Turtles, bats and atmospheric gas bring new staffer to science and technology committee
Victoria Johnston has worked with sea turtles and fruit bats. She now works with a different kind of animal: lawmakers.
The 24-year-old Columbia University graduate has joined the House Science and Technology Committee as a research assistant.
Johnston majored in astrophysics and, while pursuing her degree, began work on a NASA-funded project to help build a spectrometer. (A spectrometer, she patiently explains, “looks at light in different wavelengths. It’s basically a very technologically advanced prism.”)
She worked alongside two teams of French scientists, who had to make a special sleeping bag and build a gondola for the spectrometer to keep it warm and safe for the project’s next step: launching it in a helium balloon.
“We were looking at the movement of gas outside the galaxy,” she says.
Johnston’s scientific pursuits came back down to earth when she went to the Greek island of Crete to volunteer for the country’s sea turtle protection society. She tracked the locations of the mother turtles’ nests and worked to keep tourists and other dangers away so that the eggs could hatch undisturbed.
Johnston also spent time in Australia helping a researcher put tracking devices on a type of fruit bat called a Flying Fox.
She says her new position complements her previous experiences.
Johnston saw “the funding side” of science while working on the NASA project and the “volunteer side” while working abroad.
“I thought it would be interesting to see it from the government side,” she said.
McCollum scheduler waited patiently to exercise his rights
Ben Peterson waited 10 hours to vote for the losing candidate in the 2004 presidential race, and all he got was an “I voted” sticker.

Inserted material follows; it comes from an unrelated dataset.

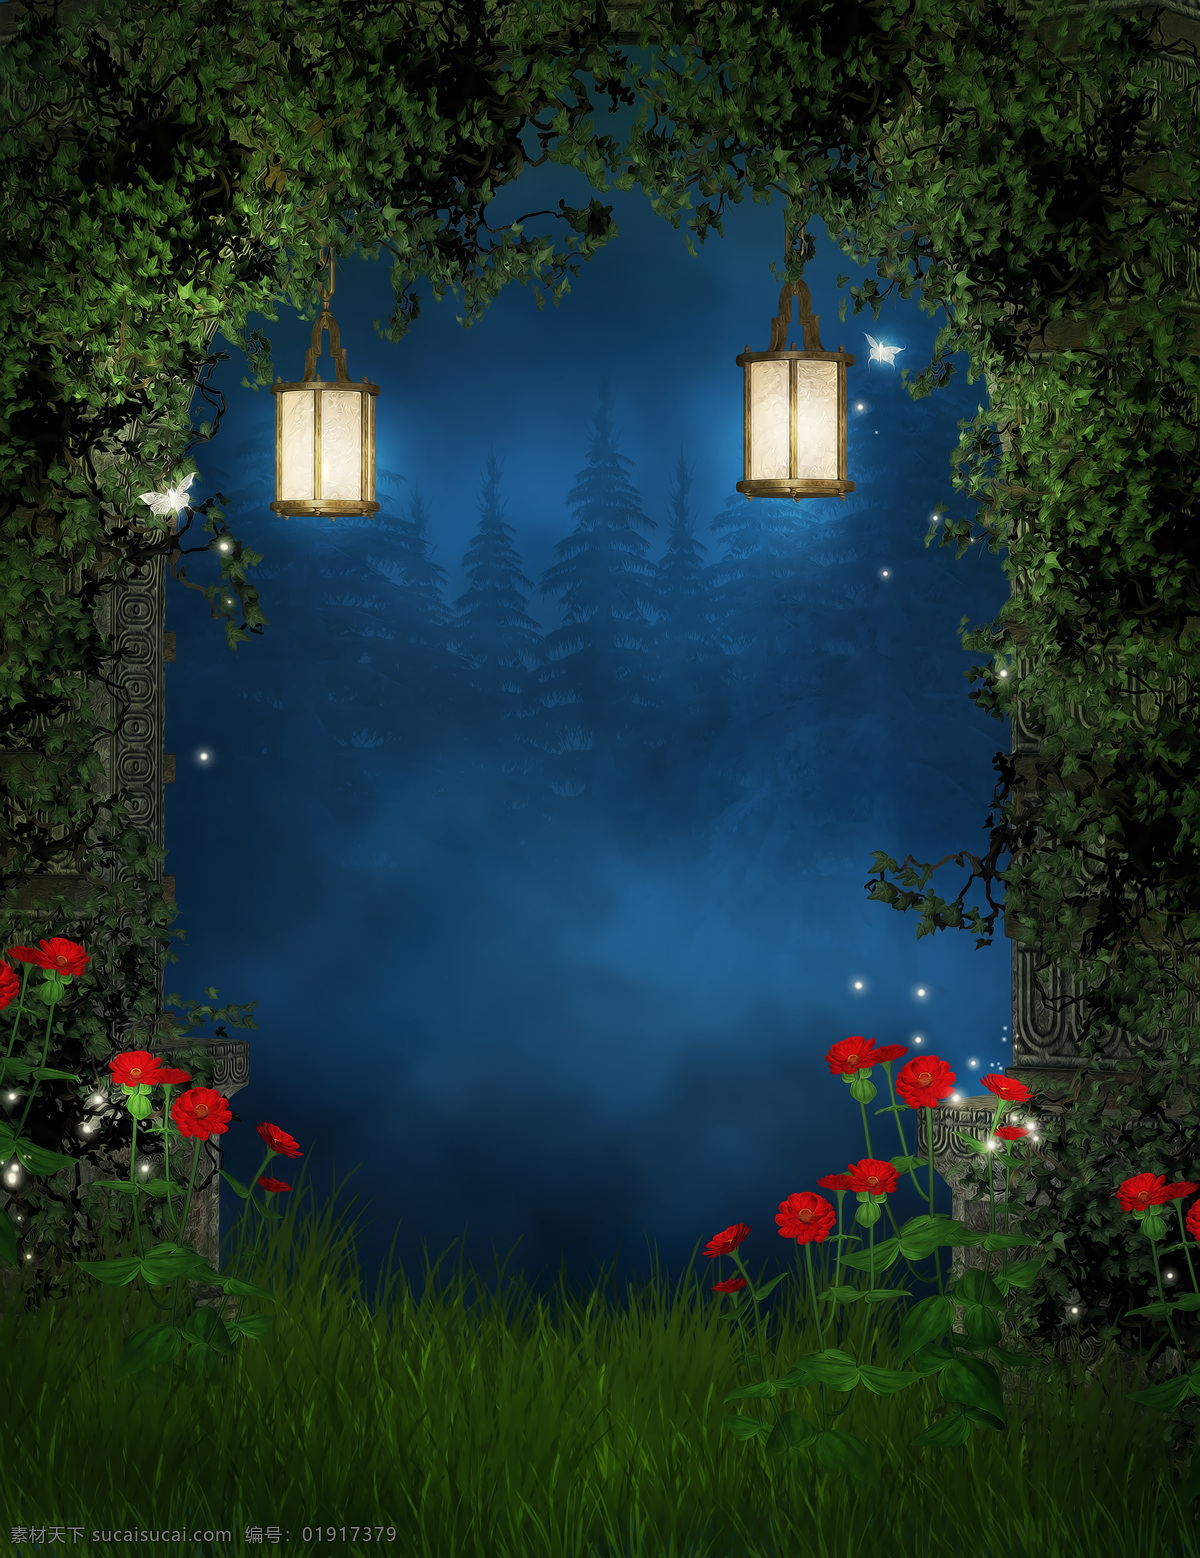 梦幻 自然 童话 唯美 大自然 草地 朦胧 夜空 鲜花 路灯 山水风景 风景图片

Peterson, the new scheduler for Rep. Betty McCollum (D-Minn.), affixed that sticker to the inside of his wallet to serve as a constant reminder of the time he had to commit to cast his first presidential vote.
Peterson was a freshman at rural Ohio’s Kenyon College at the time, and he had planned a morning trip to the polls so that he could vote before heading to class. The precinct had two voting machines for the town’s 200 people and two more machines for the college’s 1,600 students, faculty and staff.
“The line stretched out the door,” he says. He felt it was important to cast his vote, though, and took his place at the back of the line. Ten hours later — after making friends with the strangers around him, being offered pizza and hearing professors’ exhortations to stay in line — Peterson pulled the lever.
“We were on the news — we were one of the last voting polling places to close in the nation,” he says.
To commemorate the event, he made sure to get his sticker, even though that, too, was a task.
“I walked up to the woman, and I said, ‘Can I have my “I voted” sticker?’ ” he said. “She said, ‘I don’t have any with me.’ And I pretty much had to demand my sticker.”
That was the beginning of Peterson’s interest in electoral politics, as well as a new approach to voting.
“Needless to say, in 2006, I voted absentee,” he said. “I will probably do so again this year.”